Disability. An illness or injury that is severe enough to prevent an individual from working for at least a year or is likely to result in their death. The Social Security Administration applies this standard in determining whether someone qualifies for disability benefits.
Disability benefits. Monthly payments to an individual whose physical or mental condition meets Social Security's definition of disability. The Social Security Administration operates two such benefit programs, Social Security Disability Insurance (SSDI) and Supplemental Security Income (SSI).
Disability Determination Service (DDS). A state agency that works closely with the Social Security Administration to review applications for disability benefits.
Disability review. A periodic medical evaluation of someone receiving disability benefits to confirm that they still qualify as disabled. A beneficiary whose condition is considered likely or possible to improve will generally get an initial review six to 18 months after becoming disabled, with follow-ups every three years thereafter.
Divorced-spouse benefit. Also called an ex-spousal benefit, a type of Social Security benefit paid to a wage earner's former husband or wife. The benefit can be up to 50 percent of the wage earner's primary insurance amount. The couple must have been married for at least 10 years for a divorced spouse to claim this benefit.
Divorced widow(er). Also called a “surviving divorced spouse," the living former spouse of a deceased worker who paid into Social Security. A divorced widow(er) may be able to collect survivor benefits on the late ex-spouse's earnings record, if the marriage lasted at least 10 years.
Dual entitlement. When you're entitled to benefits on more than one earnings record — for example, your own retirement payment and a spouse's benefit. Dual entitlement does not mean you collect the sum of both benefits. Social Security will pay only the higher amount, although it might draw from both earnings records to do so.
Earliest eligibility age (EEA). The lowest age at which individuals can apply for Social Security benefits.
- For retirement and spousal benefits, the EEA is 62.
- For widows or widowers, the EEA is 60 (50 if they are disabled), except as noted below.
- For widows or widowers with children who are under age 16 or disabled, there is no EEA.
- To apply for disability benefits, there is no EEA.
Early retirement benefits. Retirement benefits that are reduced for being claimed early, between age 62 and full retirement age. The reduction is calculated based on the number of months before full retirement age that benefits are claimed.
Earnings record. Your past earnings from covered employment that are on file with the Social Security Administration, upon which your benefit calculation is based. Also known as an earnings history.
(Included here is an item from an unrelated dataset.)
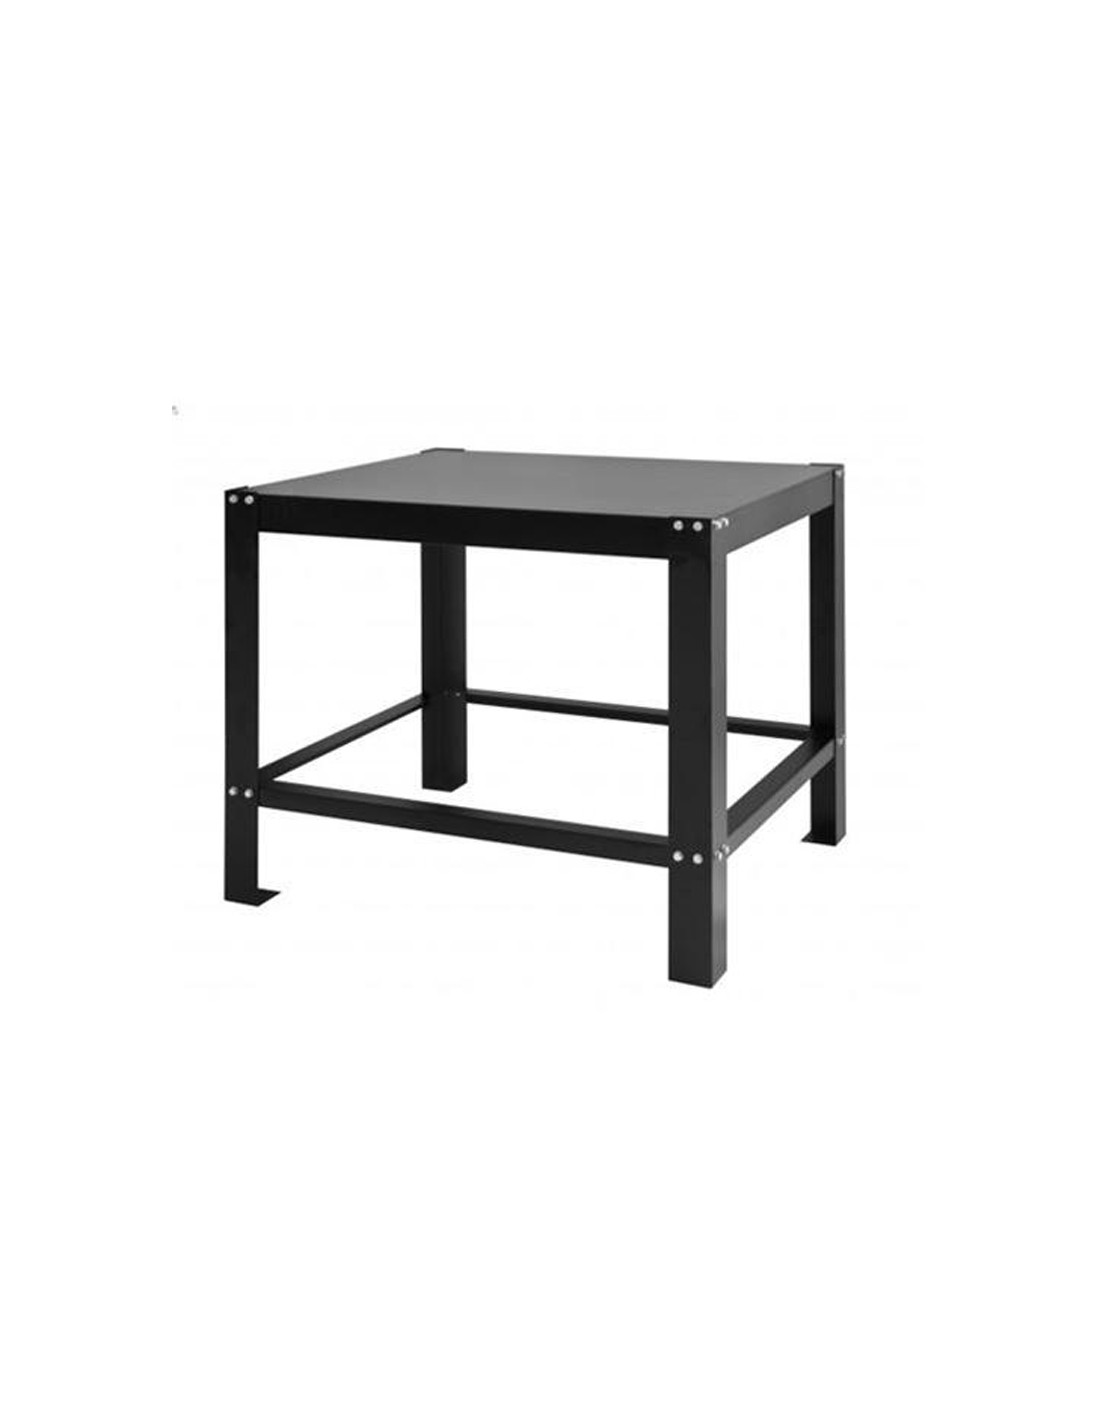 Black painted iron support - Ideal for Trays -Dimensions cm 150.4 x 81.9 x 95.7 h

Earnings limit. Also known as the earnings test, this is a cap on the amount of income from work people who collect retirement, spousal or survivor benefits and are under full retirement age can earn before Social Security will withhold a portion of benefits. The limits are adjusted annually. In 2021, benefits are reduced by:
- $1 for every $2 in earnings above $18,960 in the years before you reach full retirement age.
- $1 for every $3 in earnings above $50,520 during the year in which you reach full retirement age.
The earnings limit is lifted, and benefit withholding ends, in the month you reach full retirement age.
Eligible. Meeting the requirements for age, credits and relationship (such as spouse or child of a wage earner) necessary to receive a Social Security benefit. Eligibility doesn't automatically enroll you in Social Security; when eligible, you need to apply for a benefit.
Entitled. Having completed an application for Social Security benefits for which you are eligible.
Family benefits. Benefits that go to a living wage earner's spouse and children based on the wage earner's earnings record. Also known as auxiliary benefits.
Family maximum. The ceiling on benefits that can be paid collectively to family members of a wage earner on that person's earnings record, including retirement, disability, spousal, children's or survivor benefits. Also known as the maximum family benefit.